= Beginning of Section =
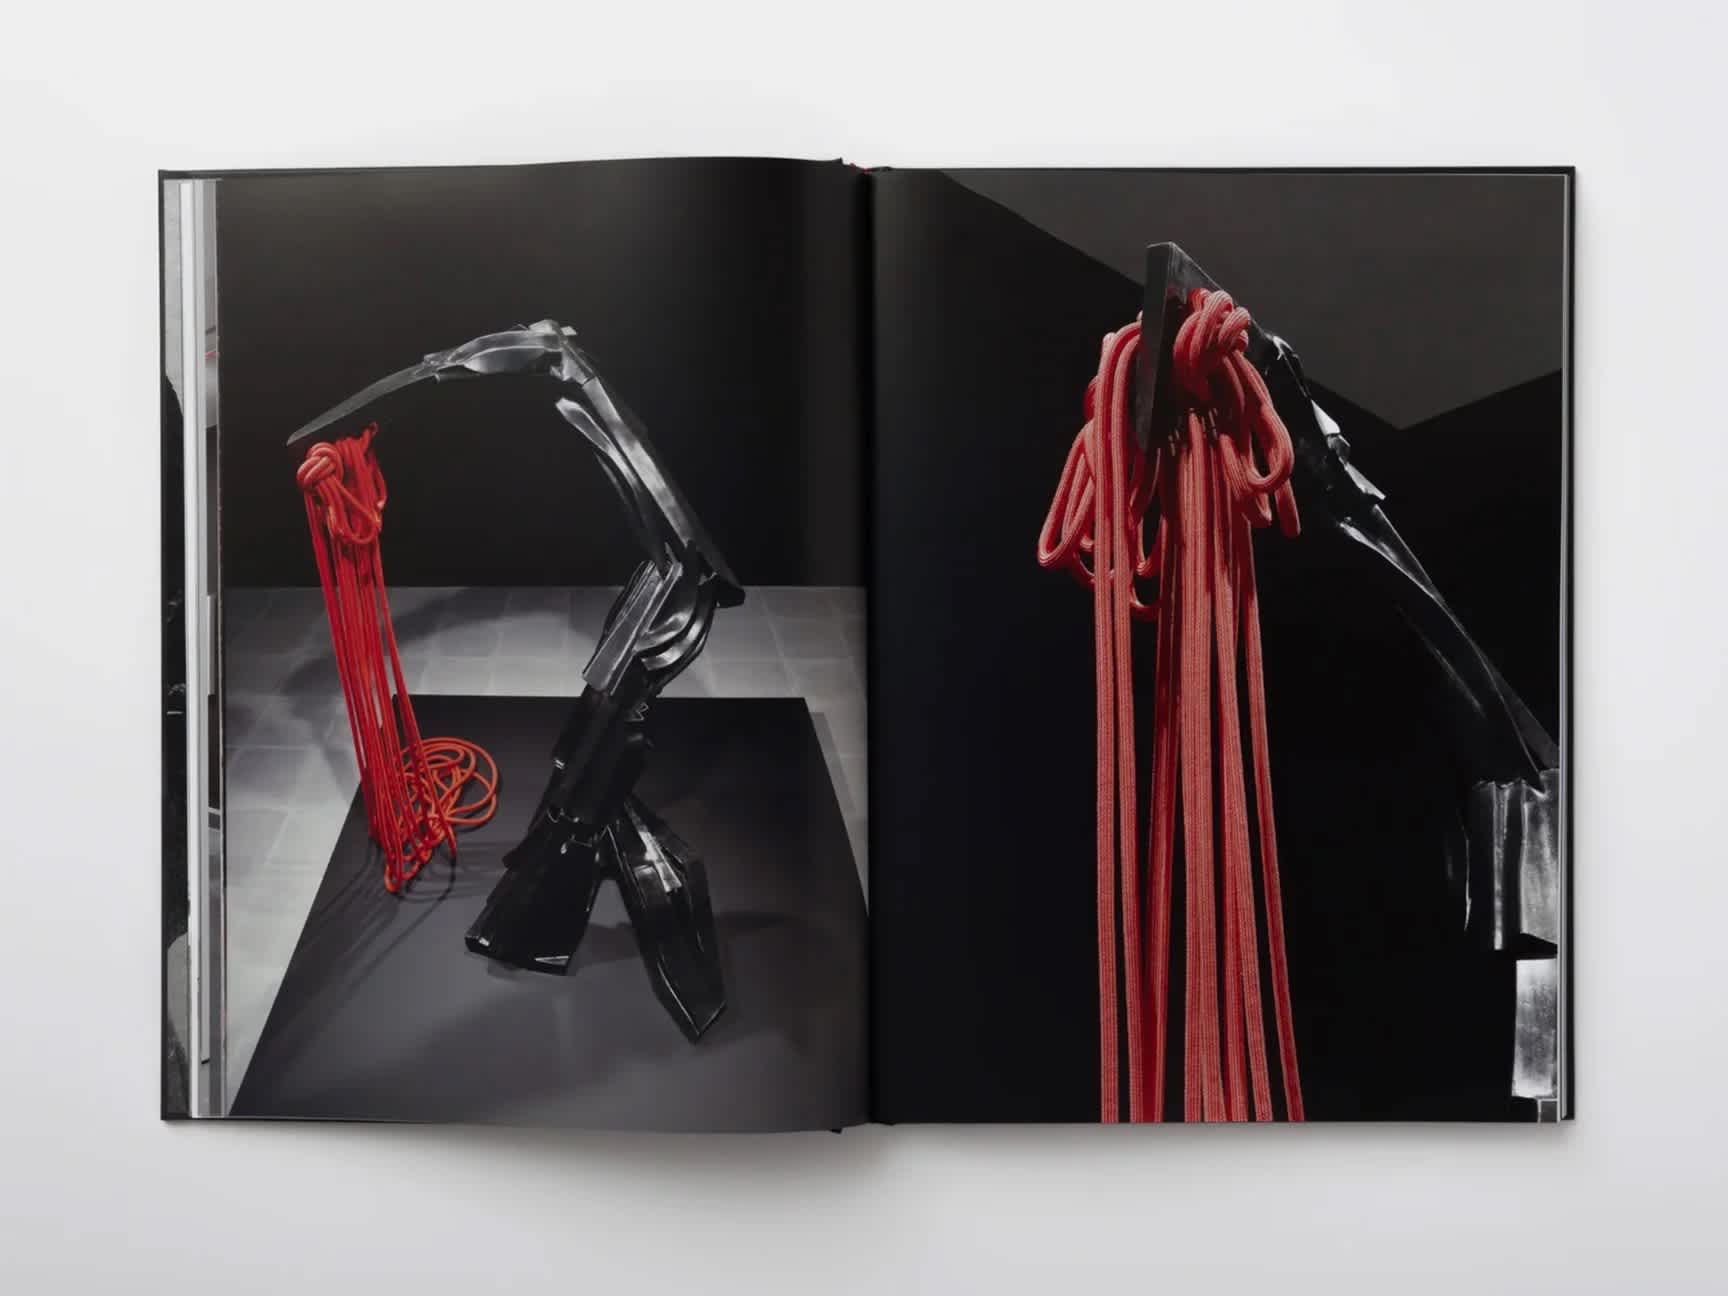 Two black metal sculptures holding long red rope in black rooms. The images of each sculpture are on opposite pages of a book.
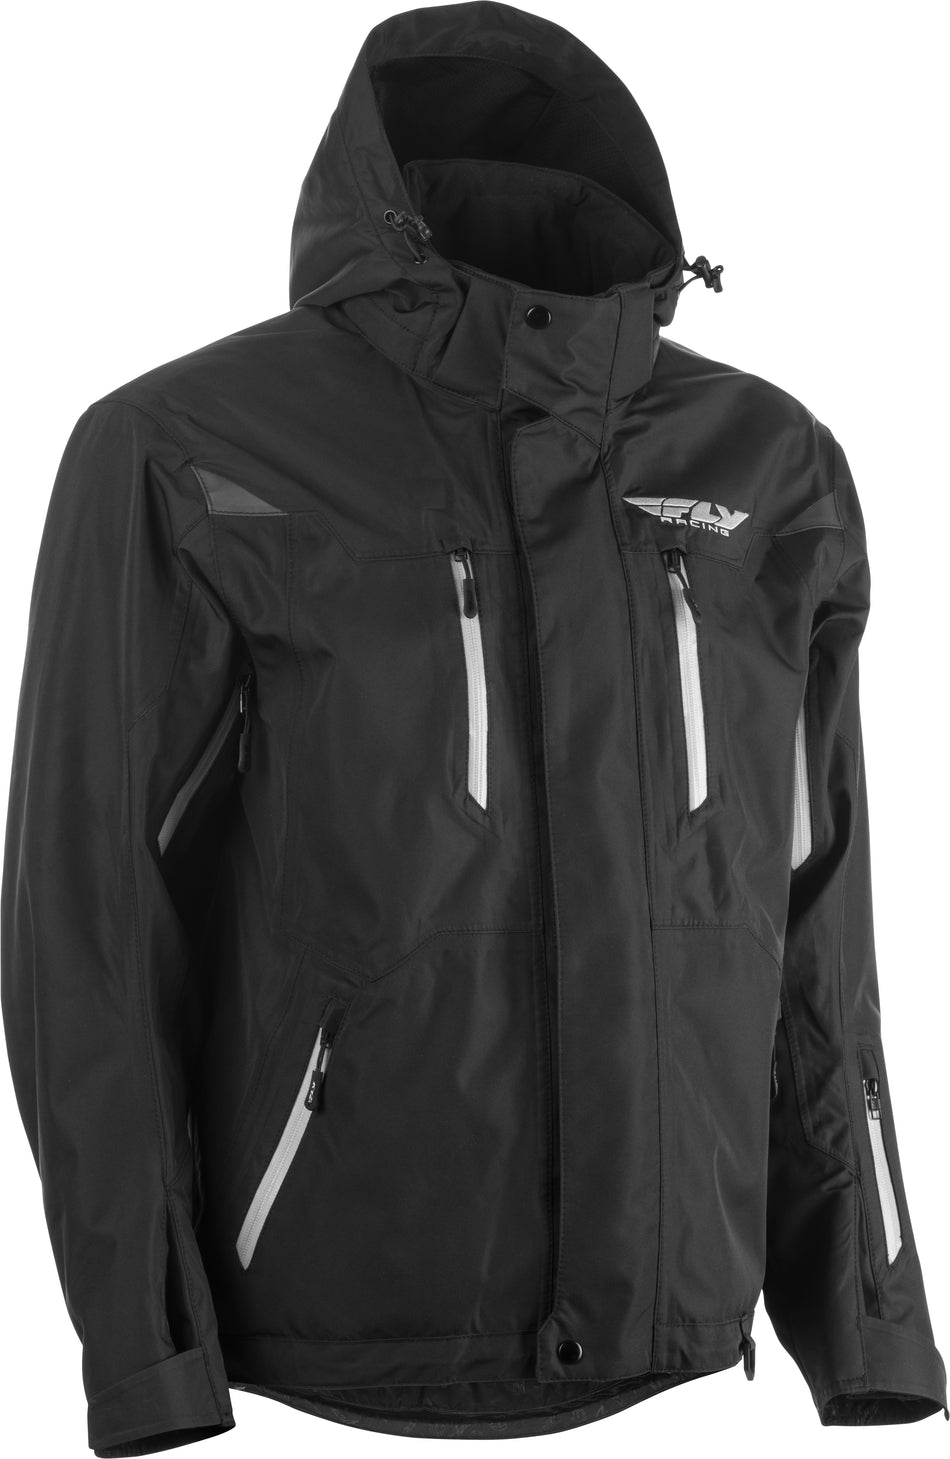 FLY RACING Fly Incline Jacket Black 4x 470-41004X
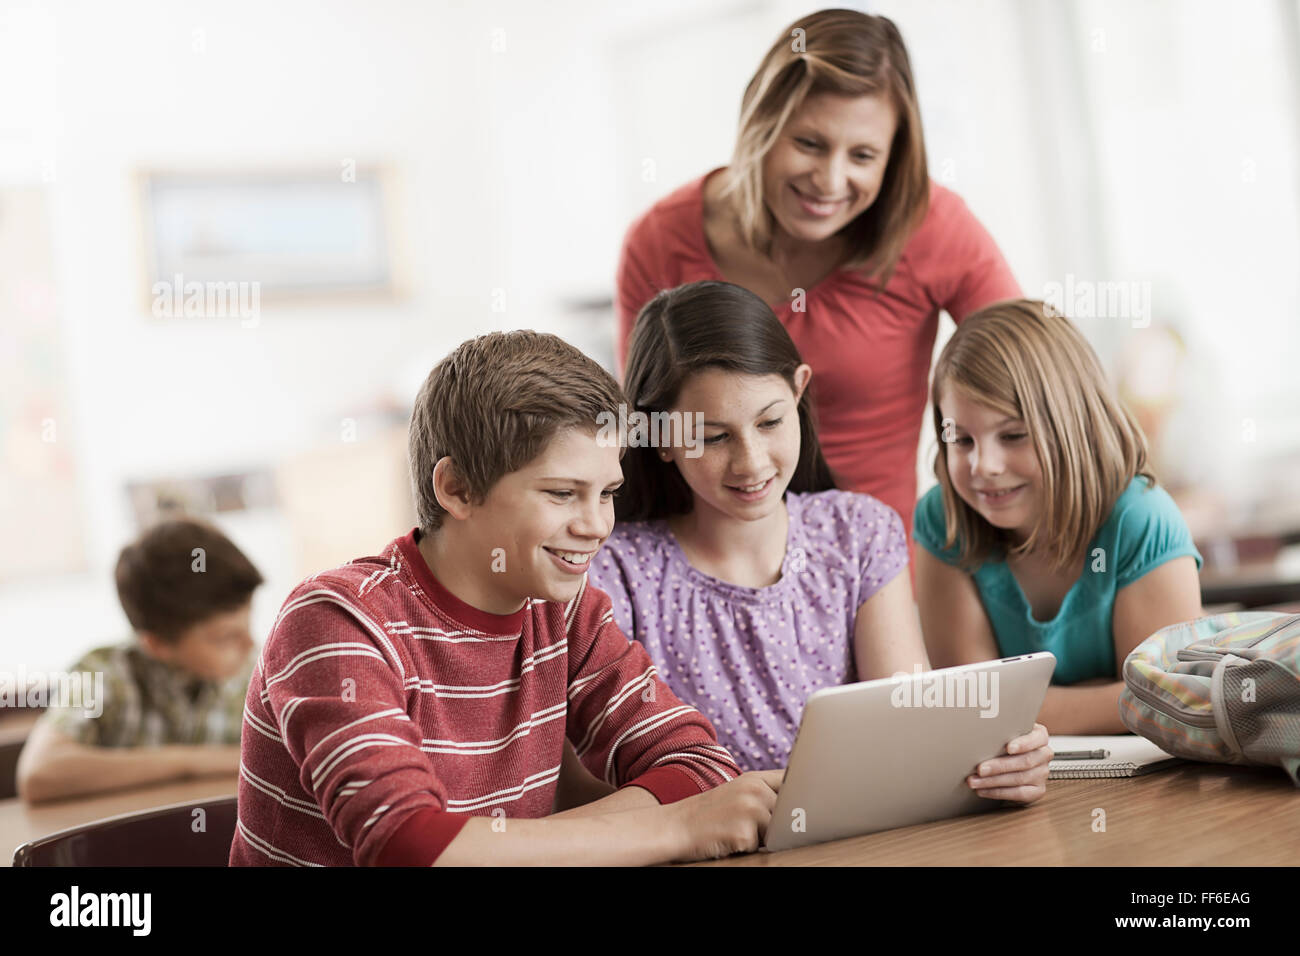 A group of students in class and an adult teacher looking at a digital tablet. Stock Photo
= End of Section =
[TRY IT]
Would you reproduce the lines above exactly, without carrying over the pictures?

[EXERCISE RESULT]
 Two black metal sculptures holding long red rope in black rooms. The images of each sculpture are on opposite pages of a book.
 FLY RACING Fly Incline Jacket Black 4x 470-41004X
 A group of students in class and an adult teacher looking at a digital tablet. Stock Photo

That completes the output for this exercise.